Tra i principali troviamo:

  • Impianto a tetto con pannelli solari termici: sostituisce la caldaia. Utilizza energia solare per produrre acqua calda a costo zero, sia per usi sanitari che per un sistema di riscaldamento a pannelli radianti.
  • Pannelli solari termici compatti ad alta efficienza: progettati per essere installati su superfici piane di piccole dimensioni (come terrazzi e balconi) perché già inclinati su apposite staffe per catturare al meglio l’energia solare.
  • Impianto a tetto con pannelli fotovoltaici: con questo eco-impianto la casa raggiunge l’autosufficienza energetica completa. A costo zero non è solo l’acqua, ma anche l’energia elettrica. Catturando l’energia delle radiazioni solari, i pannelli fotovoltaici la restituiscono sotto forma di elettricità gratuita per alimentare la pompa di calore, gli elettrodomestici e le luci di casa.
  • Pompa di calore aria-acqua reversibile: eco-impianto integrativo che si abbina a un sistema di pannelli radianti a bassa inerzia termica da installare a pavimento, a parete o a soffitto in sostituzione dei termosifoni.
  • Impianto geotermico: dotato di pompa di calore terra-acqua collegata a sonde interrate, l’impianto geotermico può essere installato nel giardino di una villetta privata o nei giardini condominiali. Come funziona? Semplicissimo: sfrutta il calore naturale presente nel terreno e lo trasmette ai pannelli radianti installati in casa, garantendo così un riscaldamento omogeneo, confortevole e, soprattutto, gratuito.
  • Sistema di recupero dell’acqua di scarico della doccia: un ottimo modo per ristrutturare il bagno con un occhio al risparmio economico ed energetico è quello di installare sotto il piatto doccia un dispositivo che recupera fino al 30-40% dell’energia termica contenuta nell’acqua di scarico della doccia per riutilizzarla come acqua calda per la cucina, i miscelatori e lo scaldabagno.

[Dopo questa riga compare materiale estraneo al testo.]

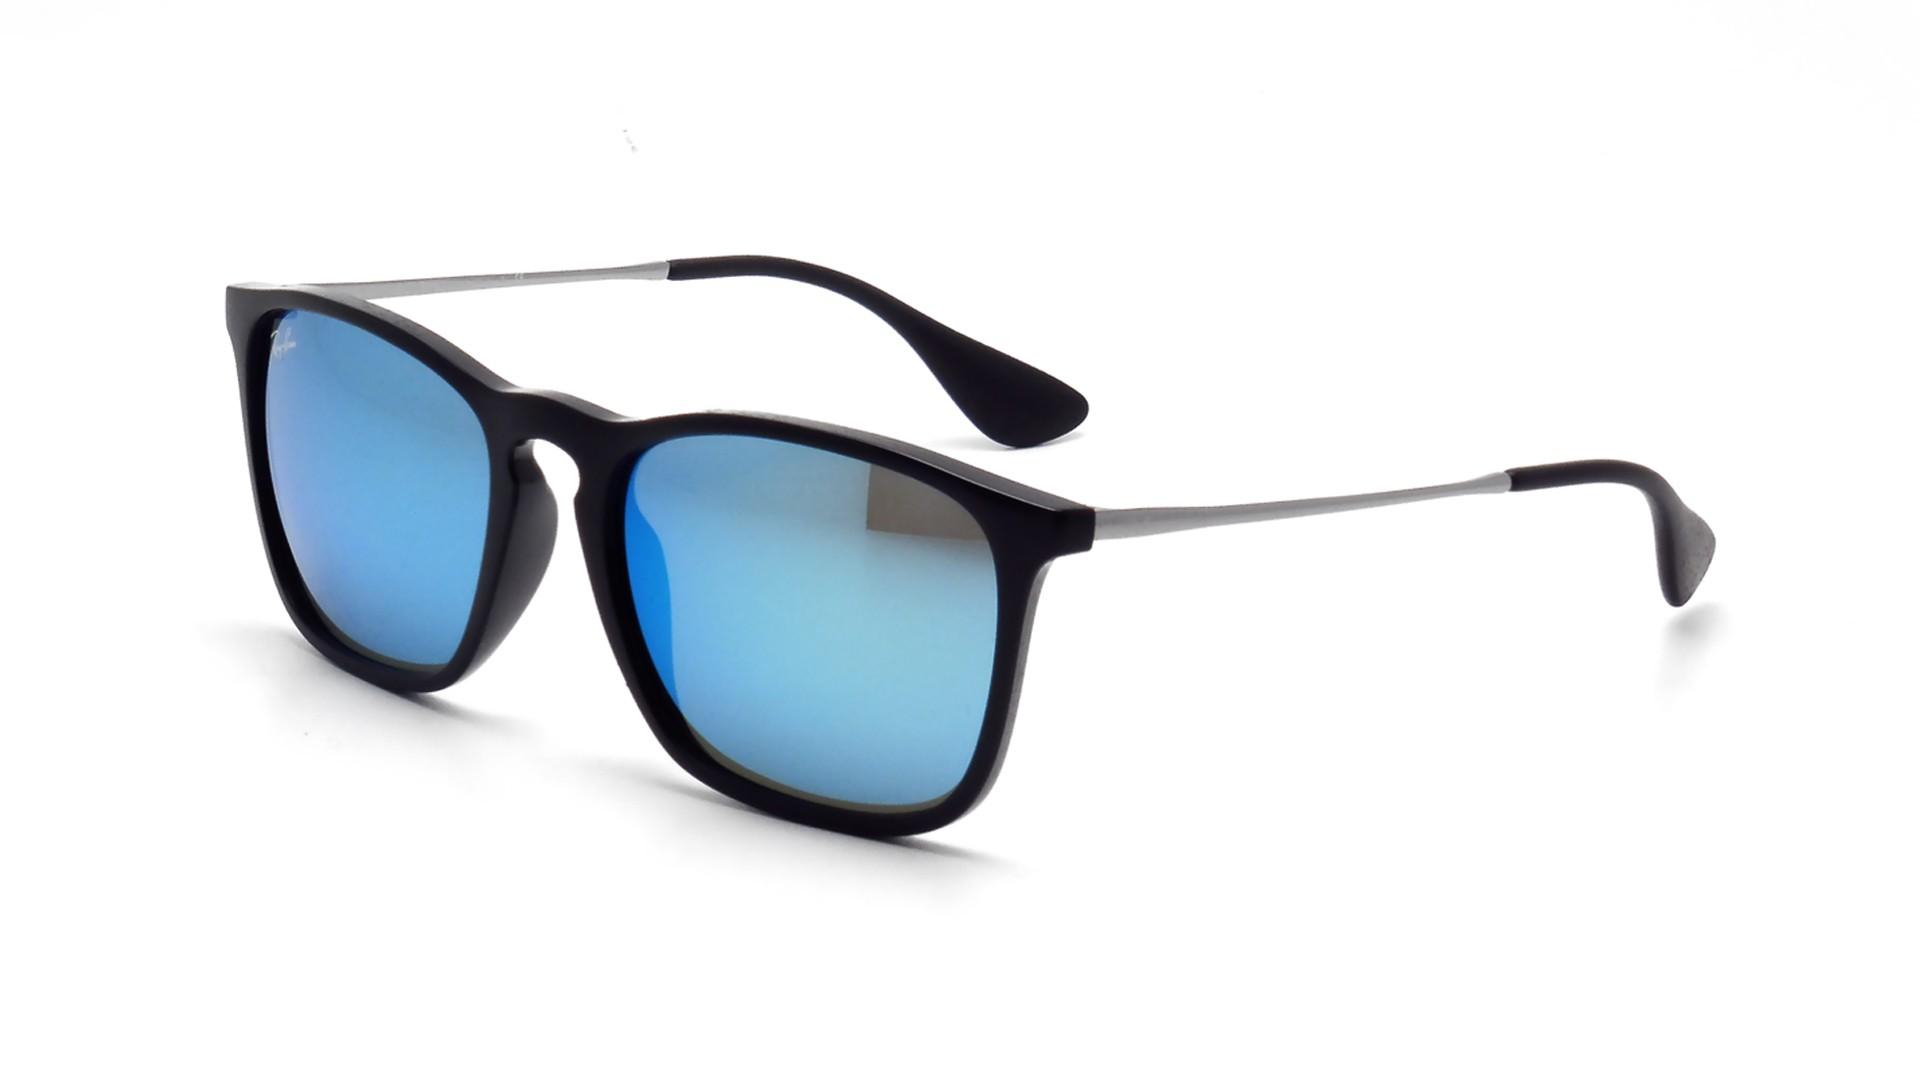 d5cd44482f Sunglasses Ray-Ban Chris Black RB4187 601 55 54-18 Medium Mirror

Come ottimizzare il risparmio energetico in fase di ristrutturazione: conclusioni

Nel nostro articolo su come ristrutturare casa con criteri passivi abbiamo individuato i diversi interventi strutturali che possono essere adottati su un edificio pre-esistente per renderlo energeticamente autonomo e conforme alla normativa Europea.

Alcune misure, come la coibentazione delle pareti (cappotto esterno o interno), gli interventi sul tetto o l’installazione di pannelli solari o fotovoltaici sono più impegnative; altre sono più immediati e facili da realizzare, come la sostituzione delle vecchie finestre piene di spifferi. L’utilizzo di modelli più evoluti di infissi in PVC a bassa conduzione termica e chiusura ermetica rappresenta il primo passo verso l’autonomia energetica.

Ma ciò che emerge è anche una riflessione (eco)filosofica: l’anima green della “casa del futuro” a emissioni e bolletta zero aiuta anche “il pianeta del futuro”. Risparmiare sulla bolletta ci consente, infatti, di salvaguardare soprattutto l’ambiente e il futuro del nostro ecosistema.